El buque Oregon era un caos. Un auténtico caos de carreras, tropezones, gritos, martillazos, rugido de sierras, enormes llamas y aún más enormes volutas de humo y vapor que se elevaban hacia el cielo primaveral desde las aguas del río Hudson.
Aunque el buque se había construido en 1845 por encargo de George Law para actuar como una suerte de “palacio flotante” y surcar plácidamente las aguas de los ríos con ayuda de un sistema de propulsión a vapor y dos ruedas de paletas, el 1 de junio de 1847 se convirtió en algo más parecido a eso: un caos absoluto en el que la tripulación arrancaba sillas, mesas, literas, puertas, sofás y cuanto mueble de madera se encontraba a su paso para alimentar sus aullantes calderas.
El motivo era bien sencillo: ese día más que un “palacio flotante”, el Oregon actuaba como un bólido, un barco de carreras que se medía sobre las aguas del Hundson contra el C. Vanderbilt, otro vapor de mil toneladas y capaz de alcanzar las 25 millas por hora. Ambos habían partido de Battery a media mañana y debían completar un viaje de ida y vuelta a Ossing, en el condado de Westchester —cerca de 110 kilómetros—, con toda la potencia que alcanzasen sus calderas.
En juego estaba la fama de sus propietarios. Y un buen pellizco: solo el magnate Cornelius Vanderbilt, alias “El Comodoro”, se había apostado 1.000 dólares a favor del buque que llevaba su nombre, suma más que respetable para la época.
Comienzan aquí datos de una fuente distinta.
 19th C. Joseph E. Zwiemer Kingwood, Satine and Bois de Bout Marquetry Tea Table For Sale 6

Emoción y peligro en grandes dosis
La carrera duró algo más de tres horas y a pesar de que durante gran parte del trayecto ambas embarcaciones avanzaron casi a la par y acabaron colisionando en Ossining, ocasionando daños al Oregón, el “palacio flotante” logró imponerse al Vanderbilt. En gran medida por el empeño de sus tripulantes, que al ver cómo escaseaba el carbón se dedicaron a arramblar con el mobiliario del barco para alimentar las calderas y no perder velocidad. El adrenalina, ya se sabe.
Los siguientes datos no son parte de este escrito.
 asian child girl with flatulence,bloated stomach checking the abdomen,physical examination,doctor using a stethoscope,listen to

La del Oregon y Vanderbilt fue quizás una carrera especialmente épica, pero ni mucho menos la única competición de vapores que se celebró en EEUU a lo largo del siglo XIX. Antes se habían organizado otras muchas y después de la gesta del Oregon aún se organizarían otras tantas. Algunas igual de trepidantes. Otras con un saldo trágico, como ocurrió en 1852, cuando el Henry Clay se incendió mientras se “picaba” supuestamente con el Armenia. El incidente se cobró 80 vidas.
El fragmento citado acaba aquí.